**How to complete this task**
Below is a listing. Output every line of it exactly.
[Opening Records shown section]
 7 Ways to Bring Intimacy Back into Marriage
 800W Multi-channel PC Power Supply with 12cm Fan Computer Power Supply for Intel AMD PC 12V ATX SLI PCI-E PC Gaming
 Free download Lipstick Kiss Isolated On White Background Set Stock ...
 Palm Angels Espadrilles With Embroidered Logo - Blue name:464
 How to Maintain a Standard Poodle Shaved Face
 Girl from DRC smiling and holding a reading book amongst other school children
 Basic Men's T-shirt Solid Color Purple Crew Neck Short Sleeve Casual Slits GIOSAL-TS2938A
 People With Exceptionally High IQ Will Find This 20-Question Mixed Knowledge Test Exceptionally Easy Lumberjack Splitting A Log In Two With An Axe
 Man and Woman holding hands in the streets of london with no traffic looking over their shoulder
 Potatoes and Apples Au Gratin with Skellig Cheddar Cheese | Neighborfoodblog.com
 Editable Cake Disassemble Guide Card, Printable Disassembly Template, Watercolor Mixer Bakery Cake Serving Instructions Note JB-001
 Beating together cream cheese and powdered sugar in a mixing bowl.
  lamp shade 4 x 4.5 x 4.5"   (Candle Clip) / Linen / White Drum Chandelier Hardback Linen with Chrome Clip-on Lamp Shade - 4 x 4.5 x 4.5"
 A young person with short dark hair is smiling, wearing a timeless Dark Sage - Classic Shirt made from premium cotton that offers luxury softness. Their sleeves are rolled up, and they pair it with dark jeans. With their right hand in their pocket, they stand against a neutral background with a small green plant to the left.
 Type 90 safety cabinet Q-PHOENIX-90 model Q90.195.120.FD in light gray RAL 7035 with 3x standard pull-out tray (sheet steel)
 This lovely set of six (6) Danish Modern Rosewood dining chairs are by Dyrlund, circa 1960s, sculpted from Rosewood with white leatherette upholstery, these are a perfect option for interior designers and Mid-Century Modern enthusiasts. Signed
[Closing Records shown section]
**Output**
 7 Ways to Bring Intimacy Back into Marriage
 800W Multi-channel PC Power Supply with 12cm Fan Computer Power Supply for Intel AMD PC 12V ATX SLI PCI-E PC Gaming
 Free download Lipstick Kiss Isolated On White Background Set Stock ...
 Palm Angels Espadrilles With Embroidered Logo - Blue name:464
 How to Maintain a Standard Poodle Shaved Face
 Girl from DRC smiling and holding a reading book amongst other school children
 Basic Men's T-shirt Solid Color Purple Crew Neck Short Sleeve Casual Slits GIOSAL-TS2938A
 People With Exceptionally High IQ Will Find This 20-Question Mixed Knowledge Test Exceptionally Easy Lumberjack Splitting A Log In Two With An Axe
 Man and Woman holding hands in the streets of london with no traffic looking over their shoulder
 Potatoes and Apples Au Gratin with Skellig Cheddar Cheese | Neighborfoodblog.com
 Editable Cake Disassemble Guide Card, Printable Disassembly Template, Watercolor Mixer Bakery Cake Serving Instructions Note JB-001
 Beating together cream cheese and powdered sugar in a mixing bowl.
  lamp shade 4 x 4.5 x 4.5"   (Candle Clip) / Linen / White Drum Chandelier Hardback Linen with Chrome Clip-on Lamp Shade - 4 x 4.5 x 4.5"
 A young person with short dark hair is smiling, wearing a timeless Dark Sage - Classic Shirt made from premium cotton that offers luxury softness. Their sleeves are rolled up, and they pair it with dark jeans. With their right hand in their pocket, they stand against a neutral background with a small green plant to the left.
 Type 90 safety cabinet Q-PHOENIX-90 model Q90.195.120.FD in light gray RAL 7035 with 3x standard pull-out tray (sheet steel)
 This lovely set of six (6) Danish Modern Rosewood dining chairs are by Dyrlund, circa 1960s, sculpted from Rosewood with white leatherette upholstery, these are a perfect option for interior designers and Mid-Century Modern enthusiasts. Signed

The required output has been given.